Today, I admit, I felt like downing tools and just running away. Both the kids are now poorly and this in turn makes them a little grumpy and nothing I did seemed to be able to comfort them. I honestly felt like I was being pushed away by them. Of course this is probably not the case, but when you can't raise a smile from your child or they look at you as if to say "Why aren't you doing anything to help me?", it's hard not to take it personally. I don't think I've ever had a thick skin, the slightest nick, I cry and want to give up. Well today I got cut.
I knew before we had children that it was going to be a bumpy ride but there is honestly no book or manual that can really help you deal with or prepare for how to bring up you children successfully, there is no perfect solution. Things can go swimmingly for a while and then WHAM, something slam dunks you like Big Daddy in his hey day.
So ensues the doubt - am I really a good mum?(please I'm not saying this for sympathy) do they really like me? - are they getting bad vibes from me?. This then, I feel, makes me over compensate and probably overwhelm them with affection. Perhaps they don't like to be touched so much, but then that upsets me because then I think what if I have children that don't like being hugged or kissed - I think my body would explode if I couldn't give out cuddles!!
It just all got too much today and I honestly thought for a while that I couldn't cope. I love to give over this sense of being a supermum and it's great that people around me think I'm doing a great job, but it doesn't stop me from feeling that I can always do better and that there's something that I am missing.

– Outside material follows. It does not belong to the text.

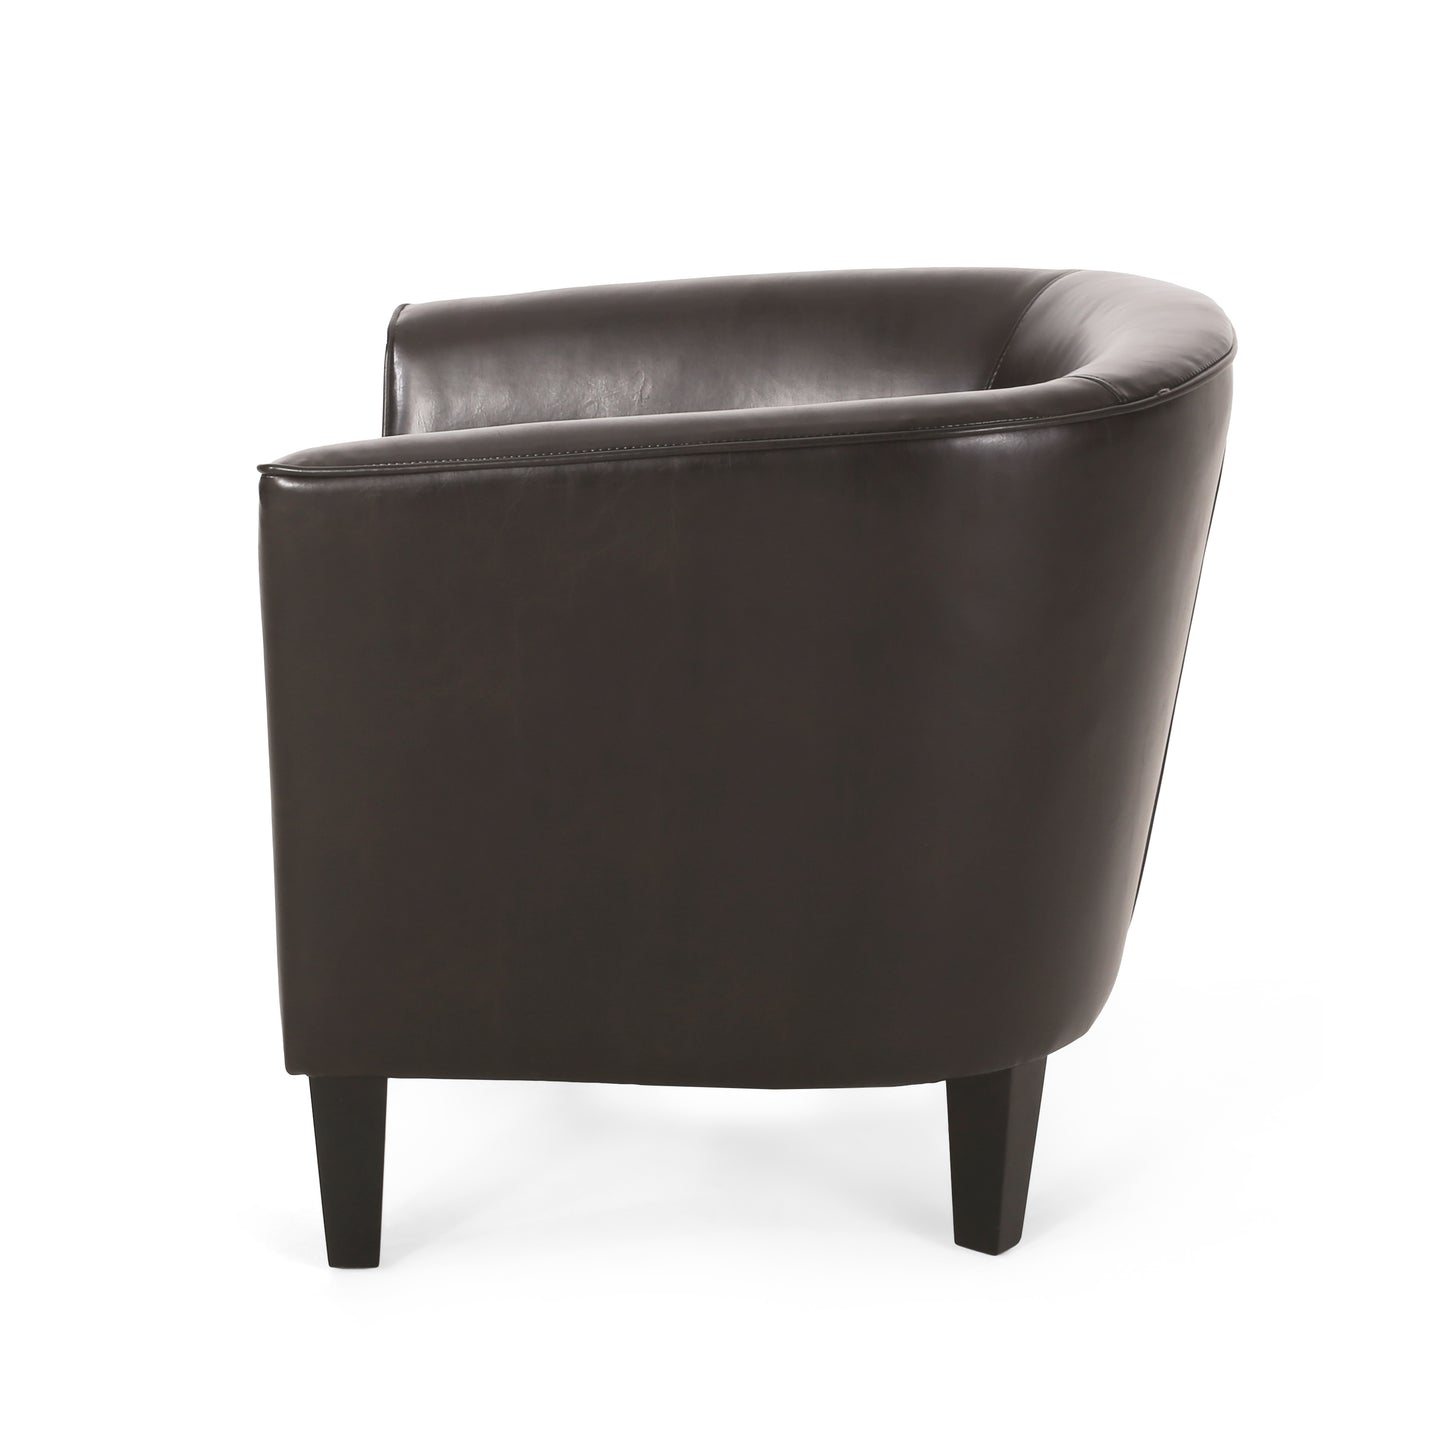 Gelston Brown Leather Club Chair

When I was younger, no, I would say right up until I had the twins, if I ever got myself into a situation where I couldn't cope or didn't think I was doing a good enough job my solution was to always walk away, which often meant to my detriment as I ended up missing out on something or looking back with deep regret and the opportunities I could've had. With kids that is not an option - which in a way is a good thing I guess because it means I can't give up, I have to put on my armour and be brave.
To try and get rid of a bit of stress, I went to the gym and whilst on the bike I watched Jeremy Kyle (I know I feel dirty!) It actually did wonders for my confidence in being a mum because some of the women that insist that they're good mothers come on with very messy stories that their children are probably witness too and to me makes out for a rather unsettled home.
Deep down I know I'm doing ok and that this is just a mini bump, but it leaves me wondering how I'll cope when we have bigger mountains and tougher climbs to face. Fortunately, unlike some of those mums on Jeremy Kyle, I've got a huge support system around me and Rick is an amazing dad, so even if I do slip or loose my grip a little, I have the plenty of rope to hold on to.